The data:
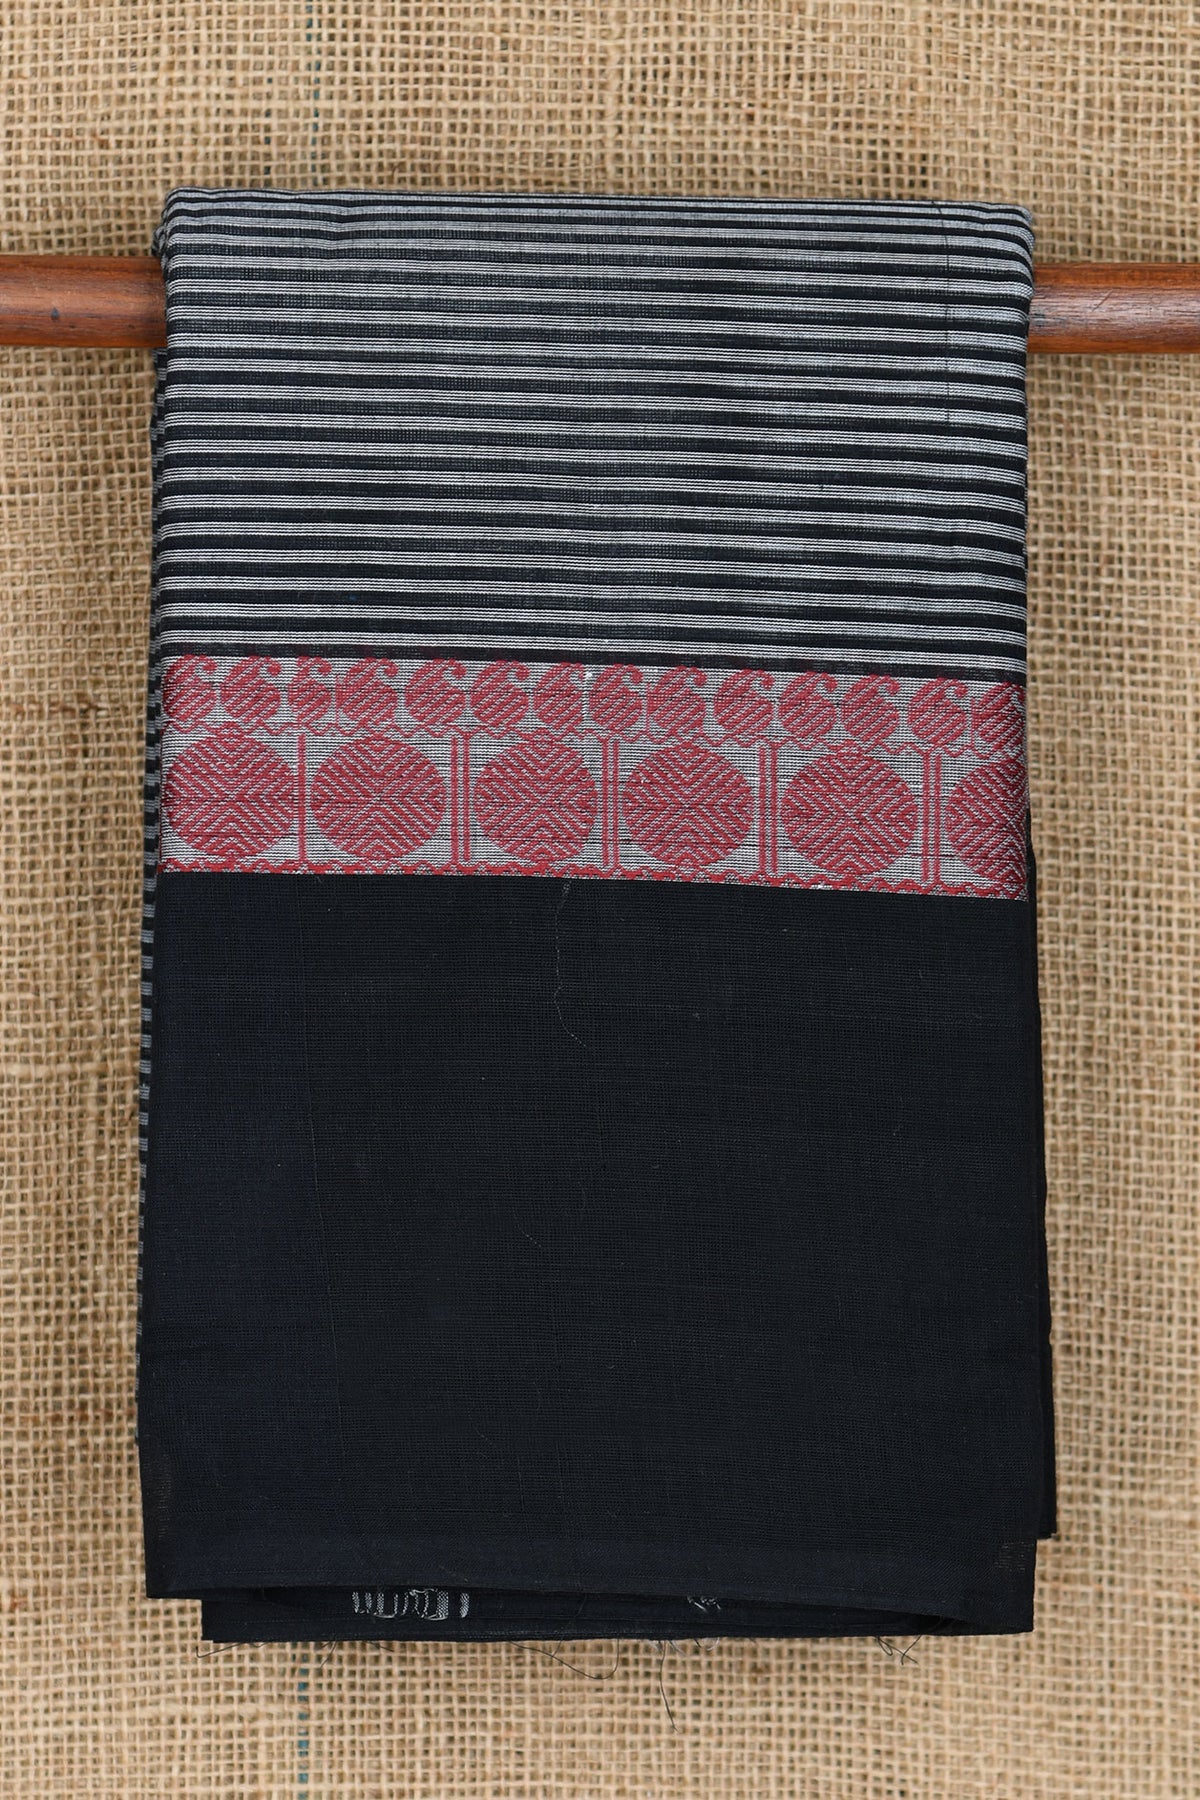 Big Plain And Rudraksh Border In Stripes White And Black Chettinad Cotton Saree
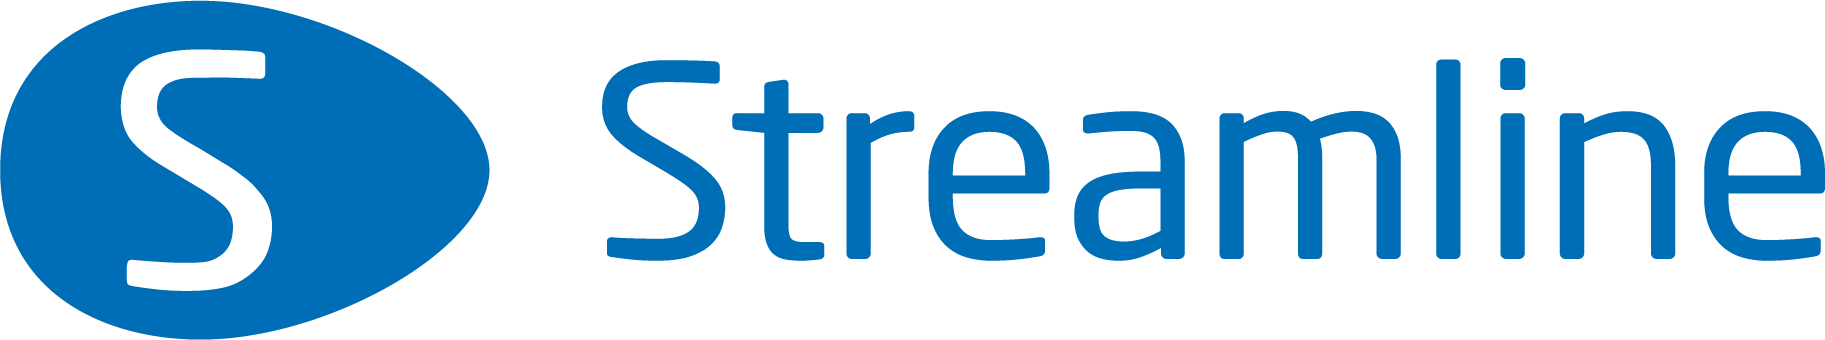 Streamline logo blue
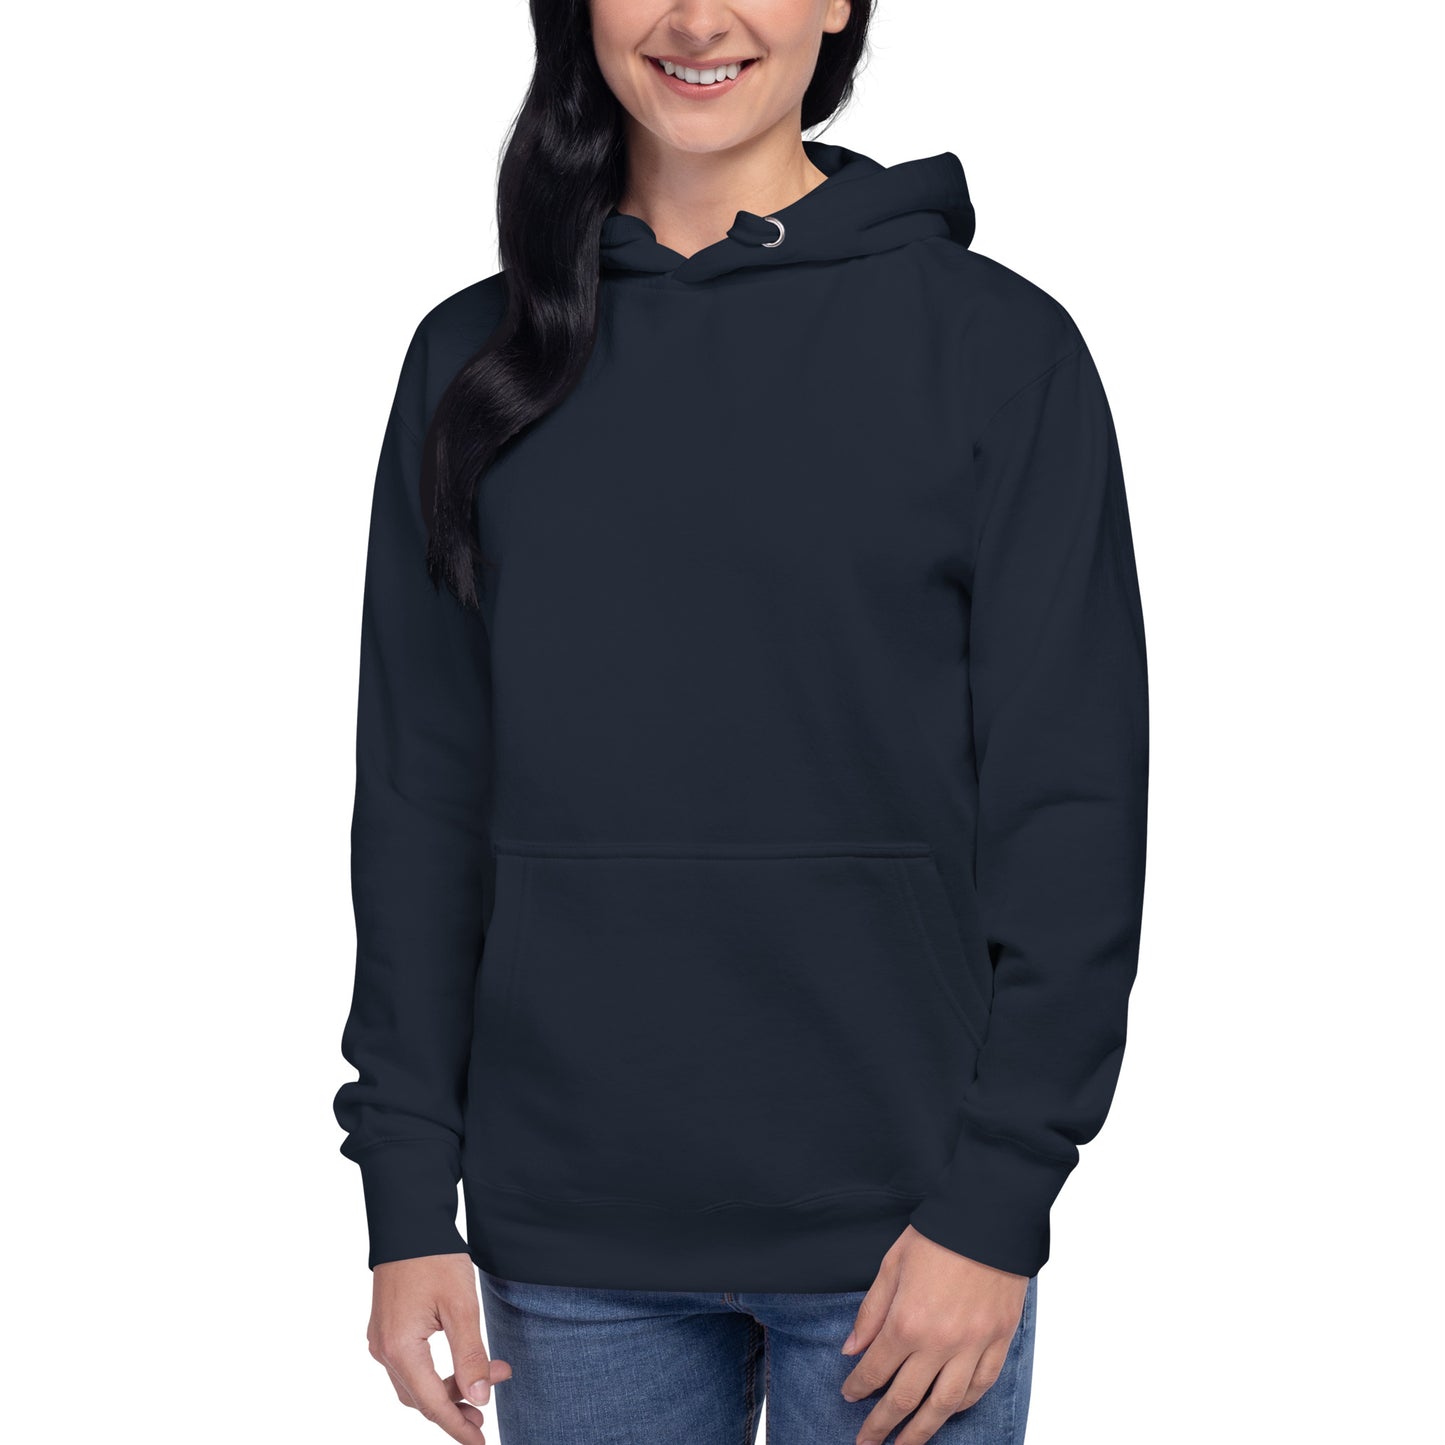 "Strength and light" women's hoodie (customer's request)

Required action: Please copy out each line above exactly as written, but not the pictures.

Response to this exercise:
 Big Plain And Rudraksh Border In Stripes White And Black Chettinad Cotton Saree
 Streamline logo blue
 "Strength and light" women's hoodie (customer's request)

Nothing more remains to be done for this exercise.